# Review "the CandleMakers Store?"



## Parke Co. Grapevine (Oct 22, 2014)

Does anyone have experience with  the Candlemakers Store, in Ohio? They appear to be a big wholesale, manufacturer of fragrances and candle / soap ingredients. They mostly focus on candlemaking but say that all their fragrance oils are skin safe, safe to use in HP and CP and MP soaps, as well as other bath products. They do have a huge selection. They also claim that their oils are more concentrated than many for sale elsewhere. Any opinions and reviews to share?

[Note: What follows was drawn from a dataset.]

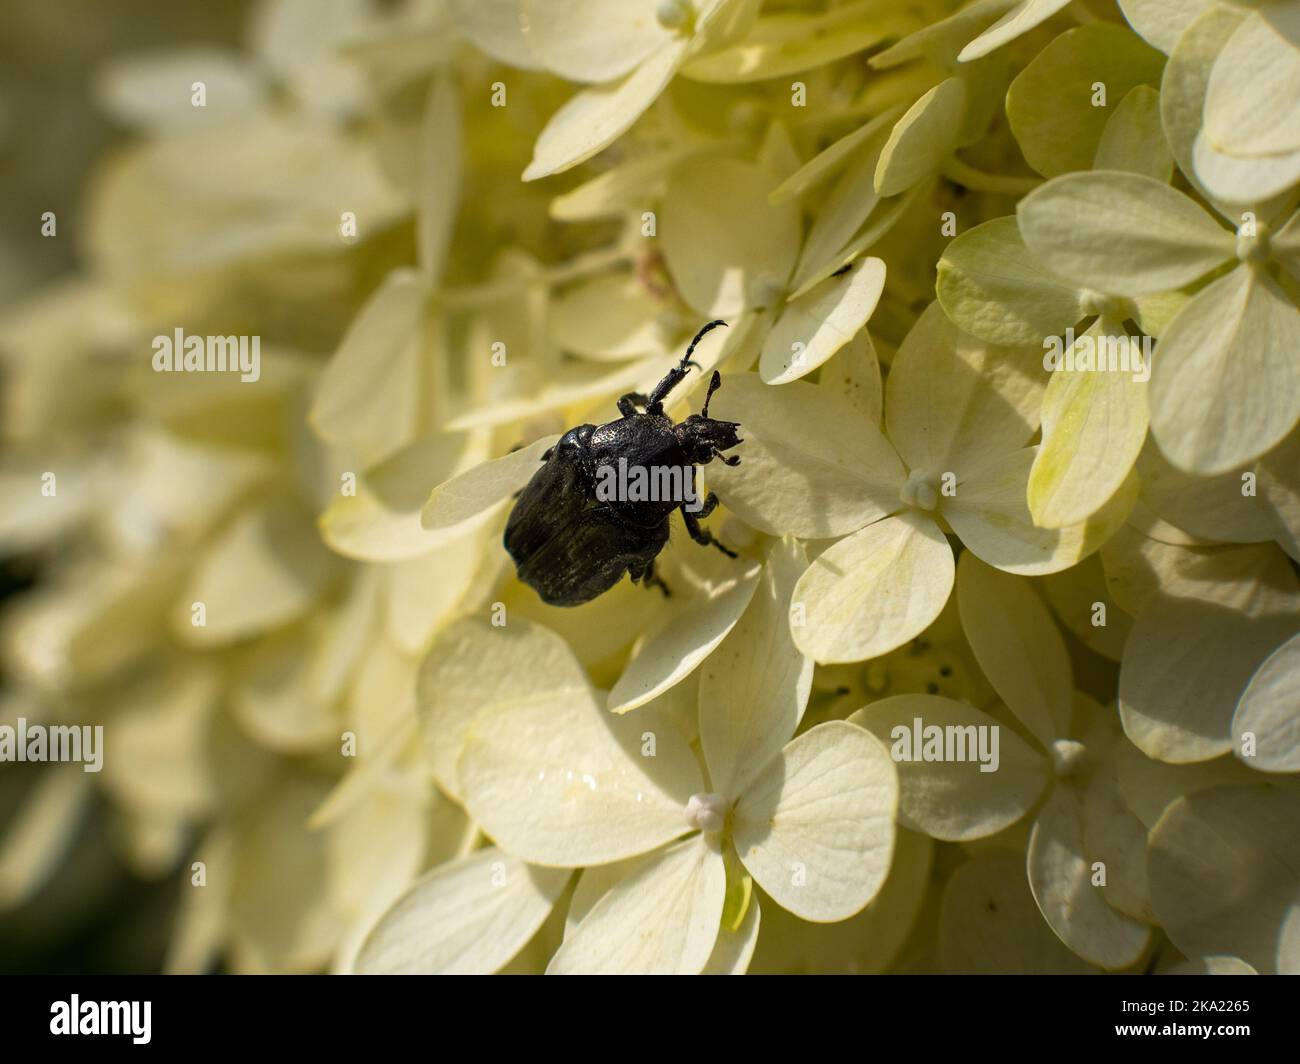 Black rose chafer (Cetoniinae). Macro photography of a scarab bug crawling on the white blossoms. German wildlife in a natural garden environment. Stock Photo

http://thecandlemakersstore.com/


----------



## new12soap (Oct 23, 2014)

I have ordered from them. Got my order, exactly right, in good time. The ones I have used performed well, if a bit light. In fact, I need to reorder some faves.

They do have a huge selection. My only issue is that on many of them with odd non-obvious names, you have NO idea what they are because they don't provide any descriptions. They don't want to steer or influence the perception... 'k.

I do not find any of their scents to be stronger than elsewhere, as I said they are somewhat light to me. However, I do HP almost exclusively and fragrance at around 3%, so I am sure I could easily go a little higher.

As I also mentioned, I need to reorder, so I will use them again. I say they are worth a shot.


----------